Tonight I went to a literature meeting where we read and share on topical selections from As Bill Sees It. Someone volunteers a topic and then people are free to select readings from the Table of Contents listed for that topic. Tonight's topic was Honesty. While people we reading various readings and sharing their experience, I began browsing through all of the readings for Honesty, looking for a selection which talked about what I consider one of the most important paragraphs in the Big Book related to the topic of Honesty: the first paragraph of How It Works. It wasn't included anywhere in the readings on the topic of Honesty!
I was surprised to find that the editors of As Bill Sees It didn't seem to pull any of the three great Honesty lines from that paragraph. I did find one reading that did talk about the importance of honesty with ourselves, as well as honesty with others. So I voluteered to read that passage and then shared with the group "As Mike Sees It" -- and how the first paragraph of How It Works gives me great insight into how honesty played a critical role in my own moment of clarity, the morning when I woke up sober for the first time.

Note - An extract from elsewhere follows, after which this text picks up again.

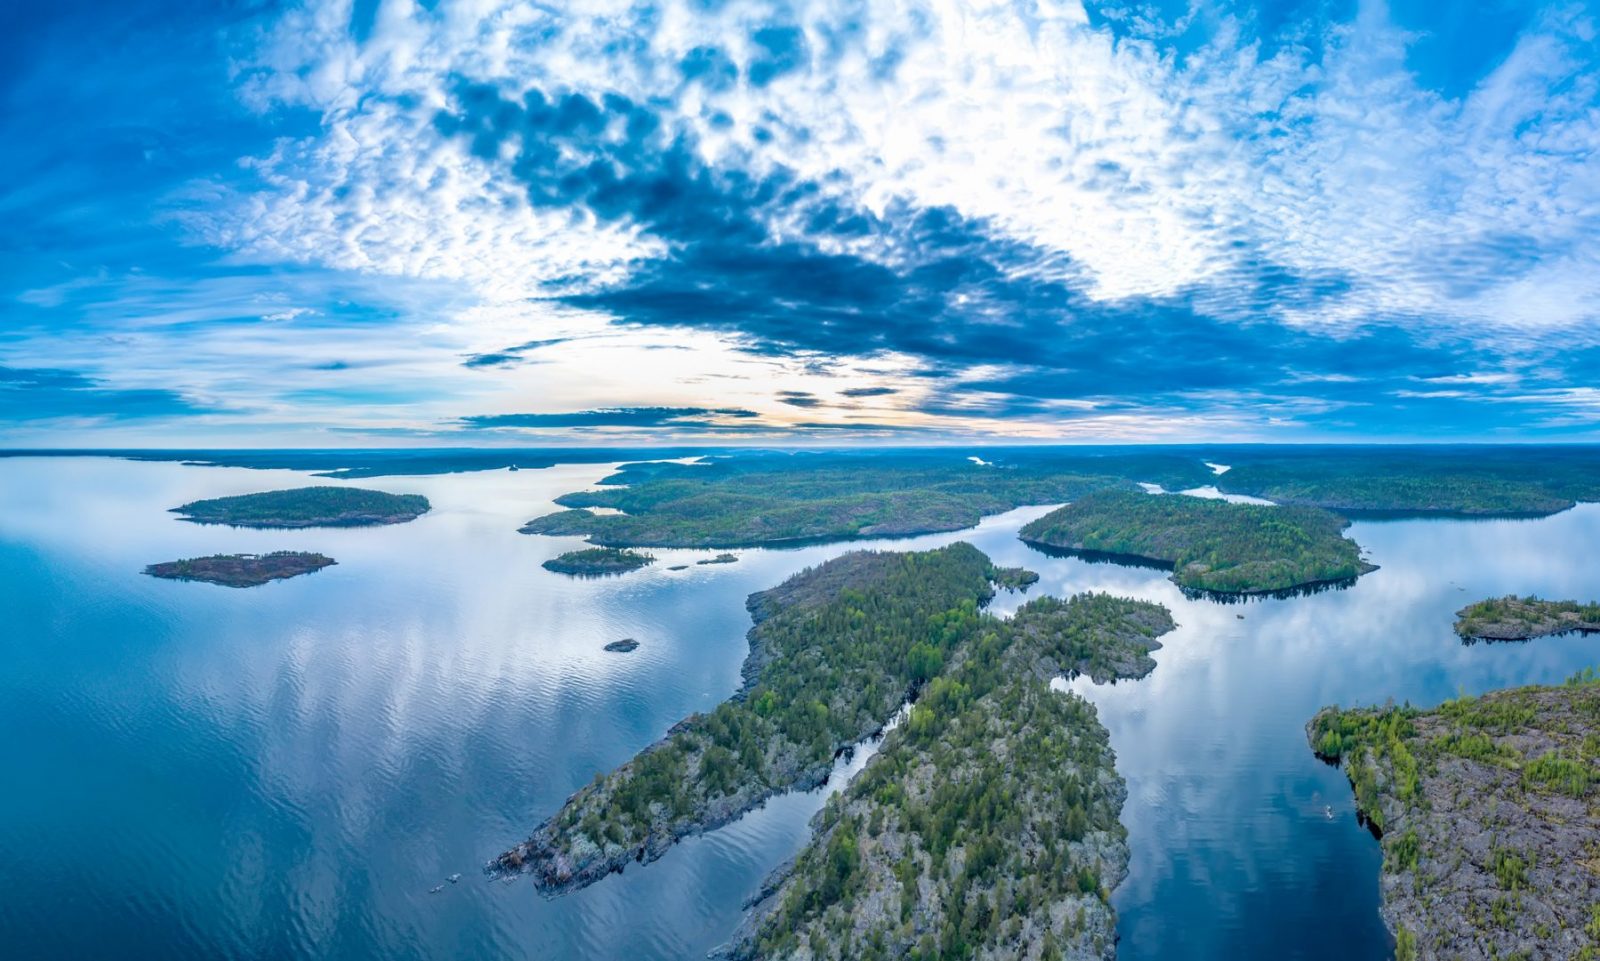 Can You Pass This Impossible Geography Quiz? Lake Ladoga, Russia

The first reference to honesty in that paragraph talks about how rarely we've seen folks fail in this process who have thoroughly followed these steps.... Those that do fail seem to be "constitutionally incapable of being honest with themselves." Not honest with others. Honest with themselves. The second reference follows: "They are naturally incapable of grasping and developing a manner of living which demands rigorous honesty." Here the scope of honest seems to extend to more than just ourselves, but also to our whole manner of living. This new manner of living seems to require some sort of high level honesty, to be sure. The third reference to honesty comes in the last sentence of the paragraph where it refers to those who suffer from grave emotional and mental disorders: they too can recover "if they have the capacity to be honest."

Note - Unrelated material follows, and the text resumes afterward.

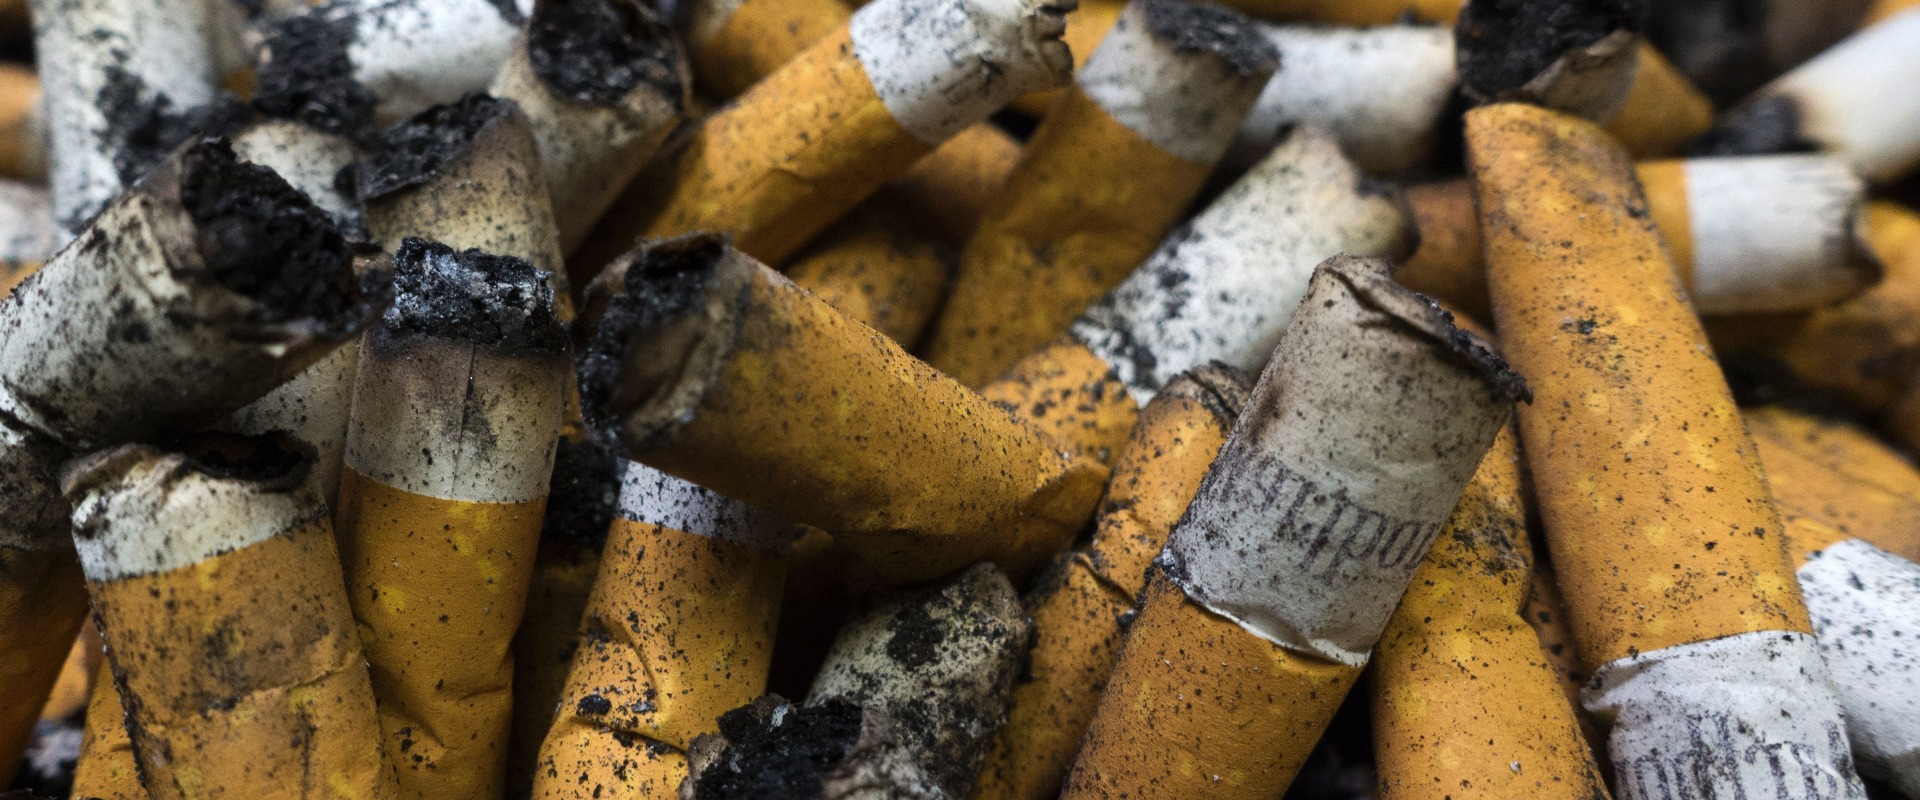 Why is Tobacco Regulated by the FDA?

All of the other readings tonight seemed to talk about honesty in the context of the 4th/5th steps and in the context of our relationships with others, both before and after we got sober. I don't have any particular issue with any of that, but given that I'm focusing on the 1st Step this month of January, I'm more attentive to how honesty played a key role in my getting sober and continues to play a key role in my staying sober.
For me, especially in the context of the first step, honesty is important almost entirely in terms of how I am willing and able to be honest about who I am as a human being who happens to be an alcoholic. My own moment of clarity involved my "waking up" to who and what I was: an alcoholic. A man who couldn't and can't "stop" drinking. On that particular morning, I thought the same thought I'd woken up to for almost a year: "I just can't stop drinking!". What was unique about that morning was that, unlike in prior experiences, the fact that I couldn't stop drinking was not a problem or something to be ashamed of.... It was just a biological fact. My body was different in terms of how it processed alcohol (and whatever form that might take...).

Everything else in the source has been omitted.